Clerical work offered no appeal; George wrote to give his parents the news that he was leaving the army. He begged them not to intercede, or to pull strings; what was done was done. ‘I can’t help but feel pretty depressed,’ he admitted. He had no idea as to what he should do next.

My father’s despair sounds authentic; nevertheless, I feel dissatisfied. The specialist’s report has survived. It states that he was incapable of strenuous exercise; in the diaries, however, he recorded his cycling trips. During the early part of September, while he was still at Thrumpton, he had been notching up as much as forty miles a day. More tellingly, a letter from one of his Winchester classmates, Philip Parr, congratulated him on the good fortune of his escape, ‘knowing you loathe the army as much as I do.’ (Philip wasn’t so lucky; he was killed on service in Greece the following summer.)

‘Effort syndrome’ sounds like a bad joke. When I investigate, it turns out to be a new name for the condition known as ‘soldier’s heart’. First observed in the American Civil War, this was brought on by stressful situations. Soldiers on the Western Front suffered from it; so, later, did those serving in Vietnam and the Gulf War. But there’s a difference. These men were on active service, living under the daily threat of death. My father’s effort syndrome was a response to the unpleasant, but far from dangerous, routine of daily drill.

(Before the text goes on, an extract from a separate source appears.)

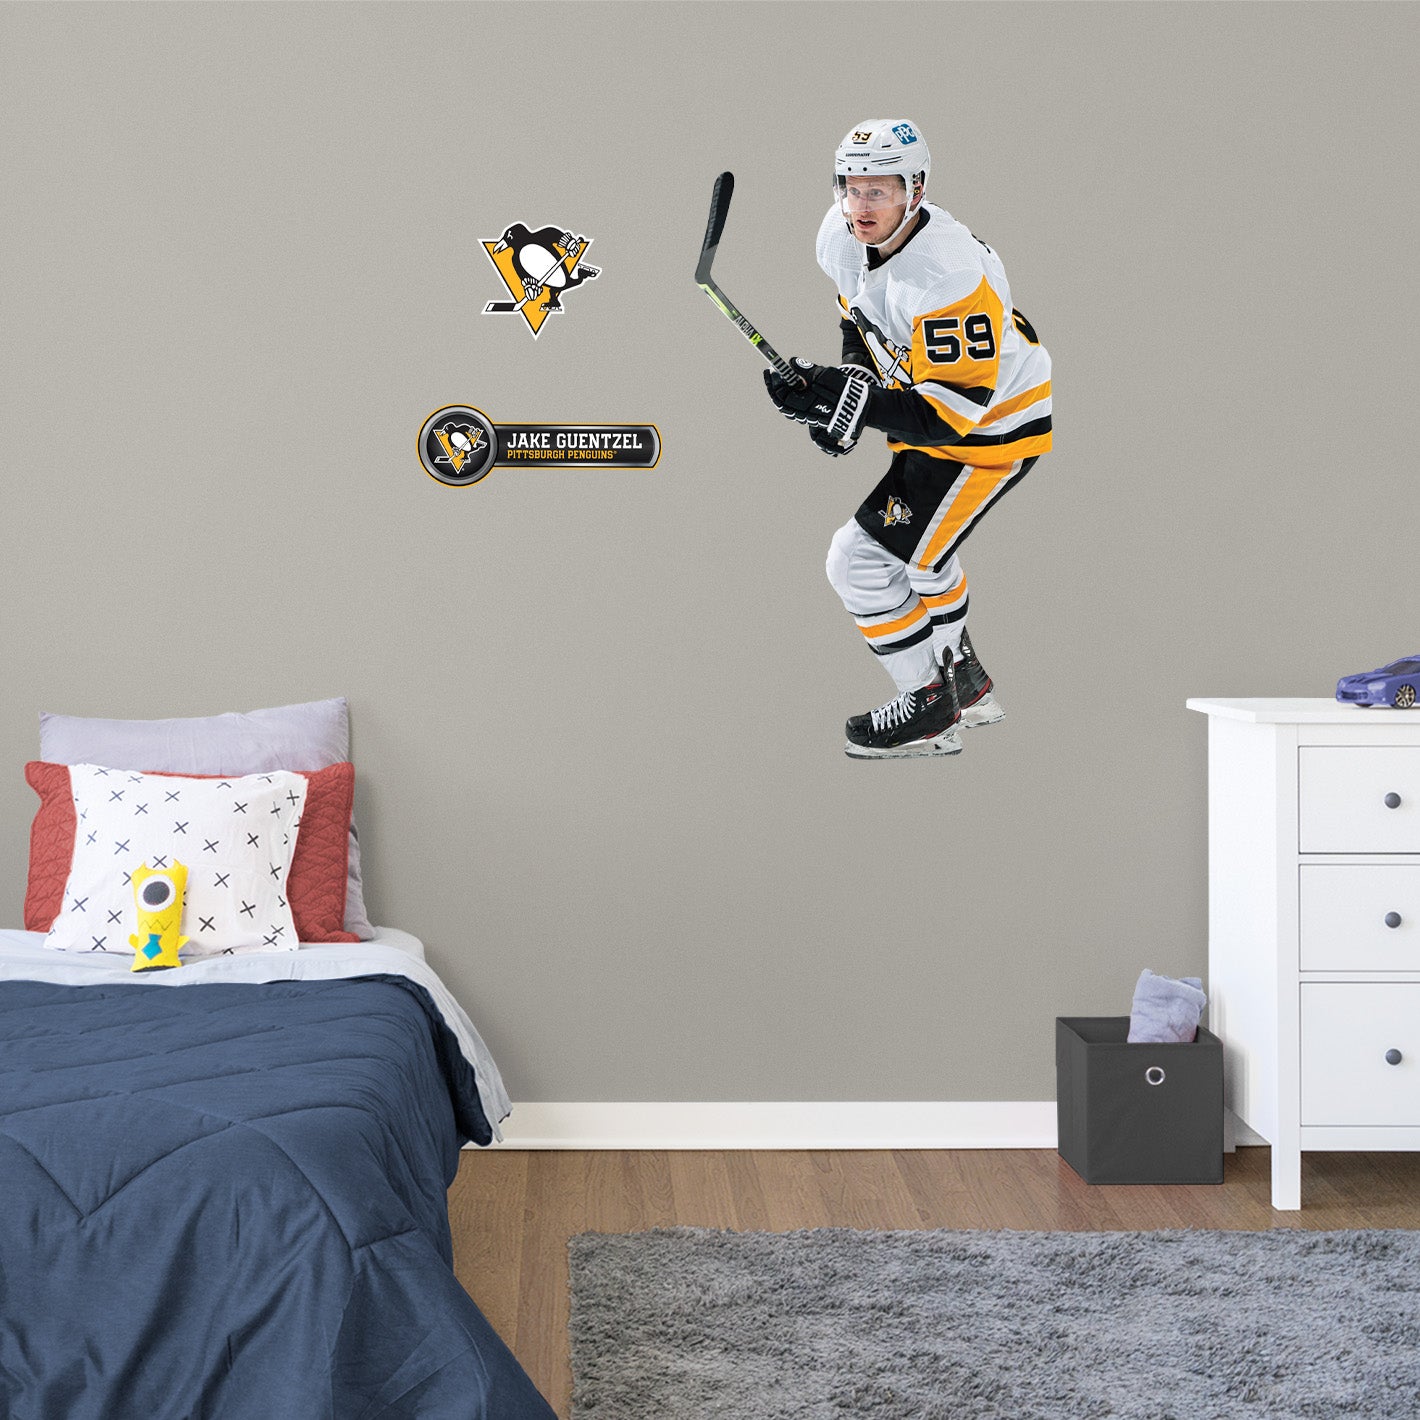 Pittsburgh Penguins: Jake Guentzel - Officially Licensed NHL Removable Adhesive Decal

‘I won’t have you saying your father was a coward,’ my mother says with the fierce loyalty that can still take me by surprise, given all that she has endured. ‘He probably got on the wrong side of his drill sergeant. And you know he hadn’t been well.’

‘Then why didn’t he take a desk job? He had a good brain. Couldn’t he have worked for the Ministry of Information, or at Bletchley?’

But I’ve lost my mother’s sympathy. Crossly, she reminds me how poorly I always did at team sports. ‘Just like him, you see. I keep telling you so.’

‘I had bad eyesight.’ My voice is sharp and defensive; I hate being reminded of my unhappy schooldays. ‘And it was a completely different situation. There wasn’t a war going on.’

This opens the way for my mother to remind me, not for the first time, that I haven’t the slightest idea of how it felt to be at war, or to experience training drill. ‘You’re determined to show him in a bad light,’ she says. ‘And he can’t answer back.’

This is the first of our discussions that has ended in disagreement. My mother, who carried on as a hard-working member of the ATS, even after suffering a nervous breakdown, doesn’t want to accept that she married somebody less courageous than herself. Pneumonia had seemed a respectable reason for a discharge; the idea that George suffered from this absurdly named ‘effort syndrome’ is an embarrassment.

I look at the surviving evidence once more. If he had failed to make a complete recovery, how was he able to go on those cycling trips? If he felt as mortified as his letter to his parents suggests, why was he ready to spend the first weekend after his discharge in a jolly Yorkshire houseparty, eating like a horse and going on long walks? And what about the letter congratulating him on a lucky escape, ‘knowing you loathe the army as much as I do’?

Looking at that letter once again, I wonder if it is open to a different interpretation. Was Philip Parr doing his best to make my father feel better about a situation they both understood to be profoundly humiliating? I may do better to stop being censorious, and consider the effect that his discharge might have had on my father. A combination of bad nerves and ill-health bought him a ticket to safety, but the price, in terms of guilt, must have been immense. How can it feel to know that your contemporaries are risking their lives while yours has been spared? How can it feel to read of their deaths?

Who am I, searching for an explanation of the wound in his heart, to say that my father didn’t suffer when he was told to go home?